##### SUPPLIED INFORMATION #####
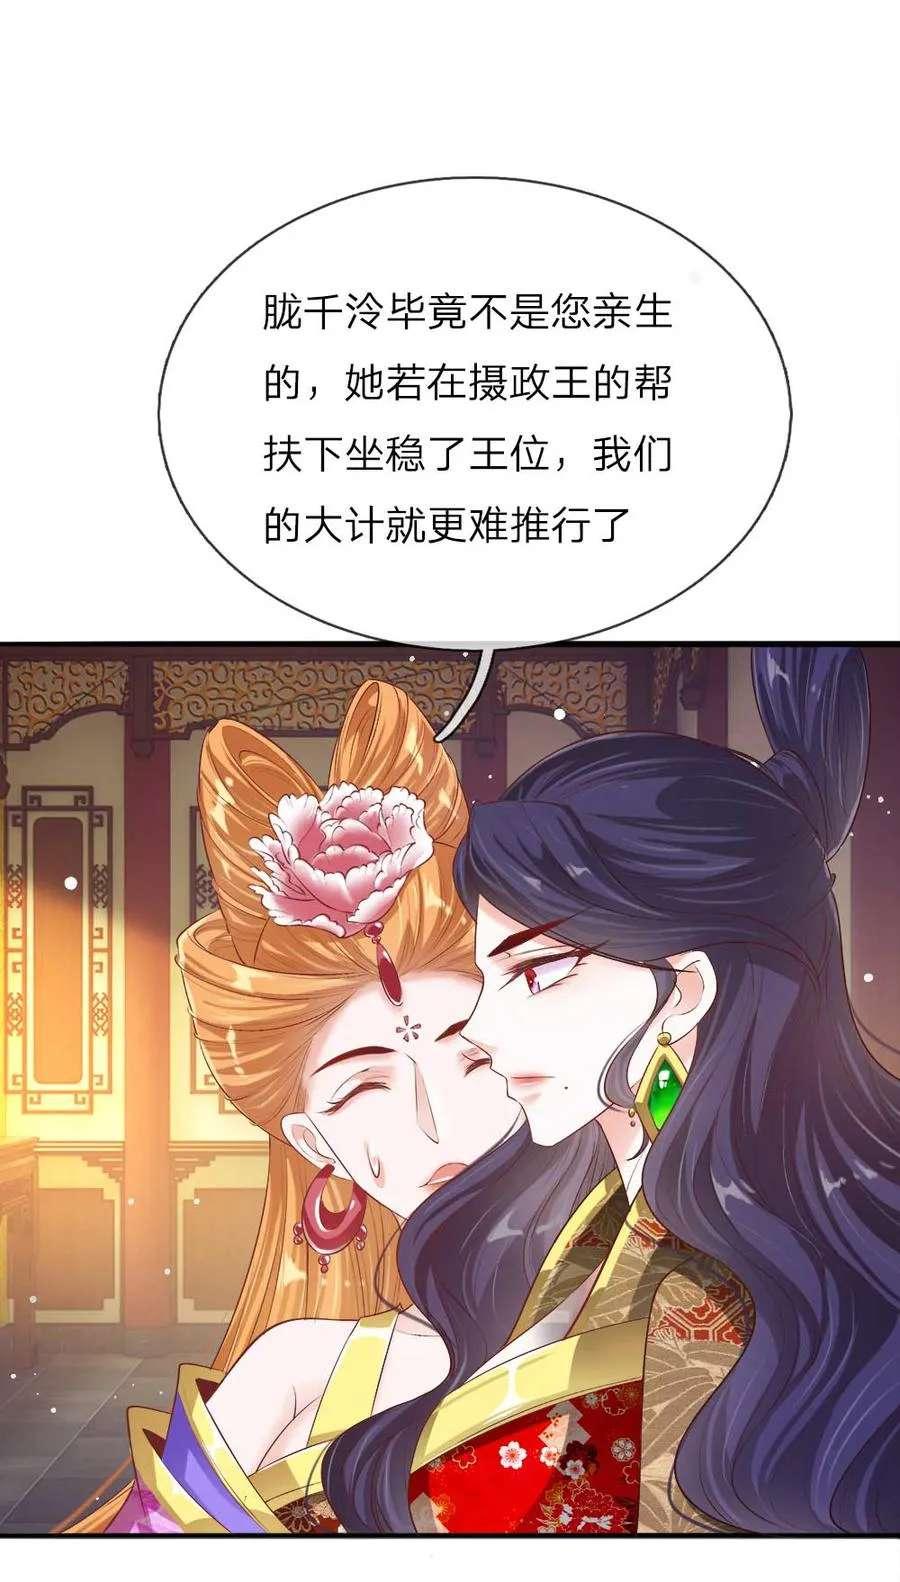 温柔暴君:摄政王爷太凶猛第17话  第17话 后母们的茶会 第 7
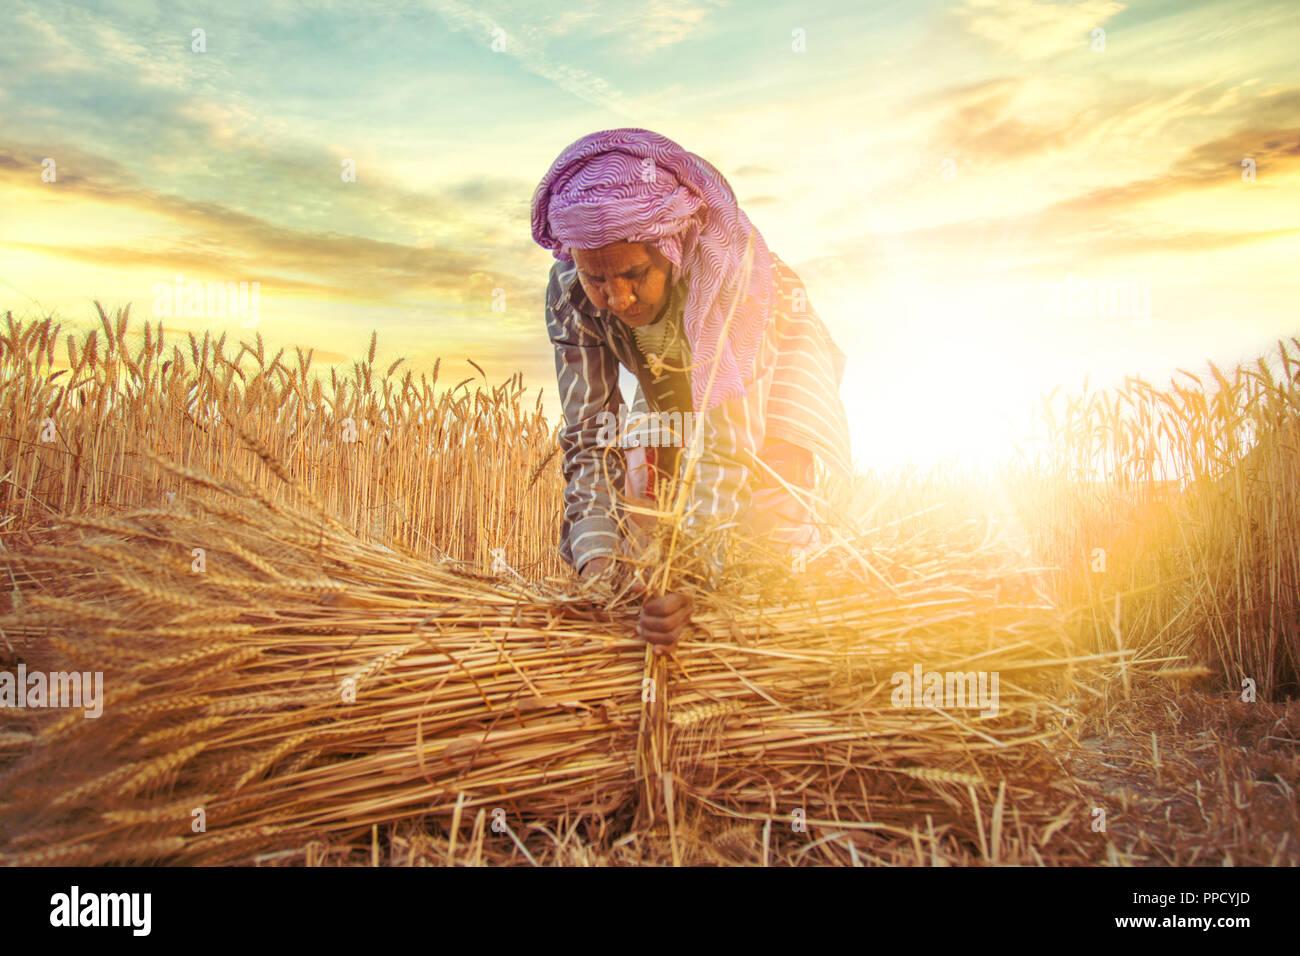 Una vecchia donna indiana agricoltore fasci di raccolta del frumento levetta ; Haryana ; India Immagini Stock
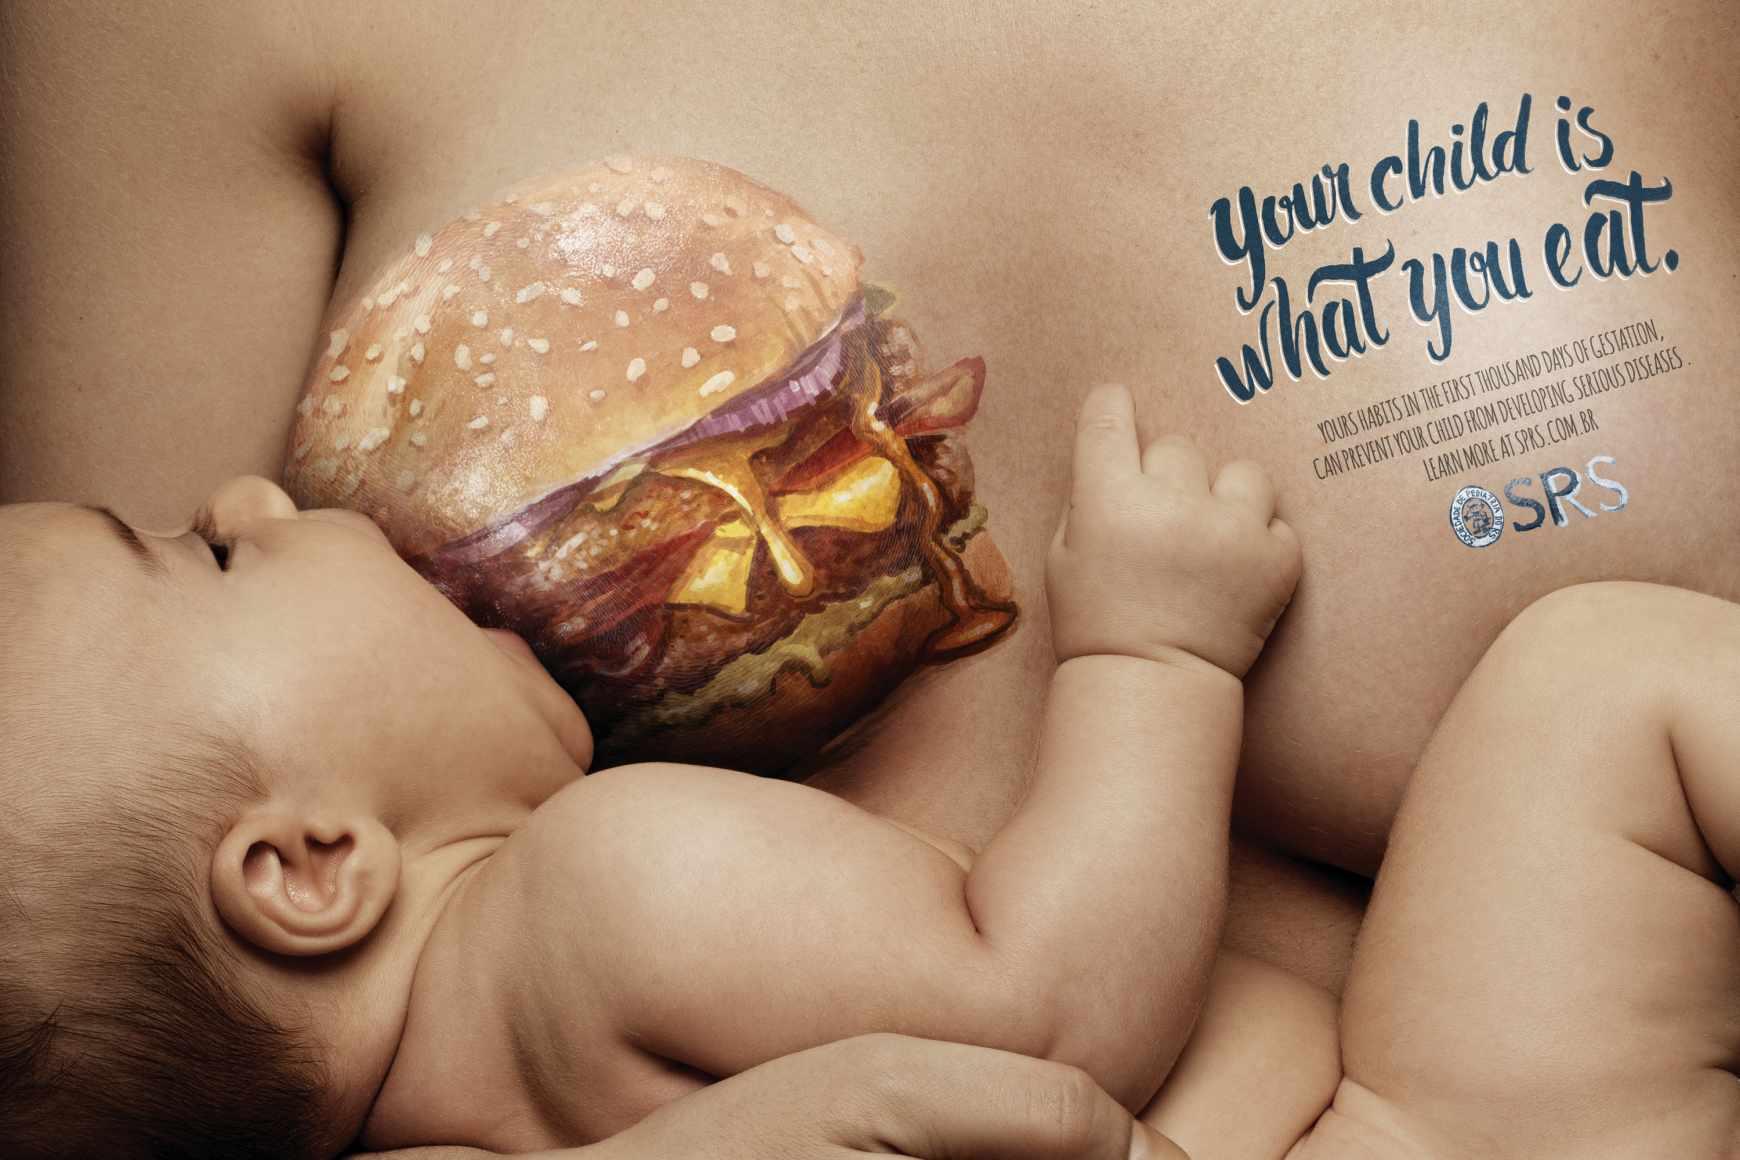 汉堡、可乐那么美味,带你的baby一起吃吧!
#####
◆ **PROBLEM DETAILS**
The output is to be the material in full and unaltered, with pictures omitted.

◆ **ANSWER TO THE PROBLEM**
 温柔暴君:摄政王爷太凶猛第17话  第17话 后母们的茶会 第 7
 Una vecchia donna indiana agricoltore fasci di raccolta del frumento levetta ; Haryana ; India Immagini Stock
 汉堡、可乐那么美味,带你的baby一起吃吧!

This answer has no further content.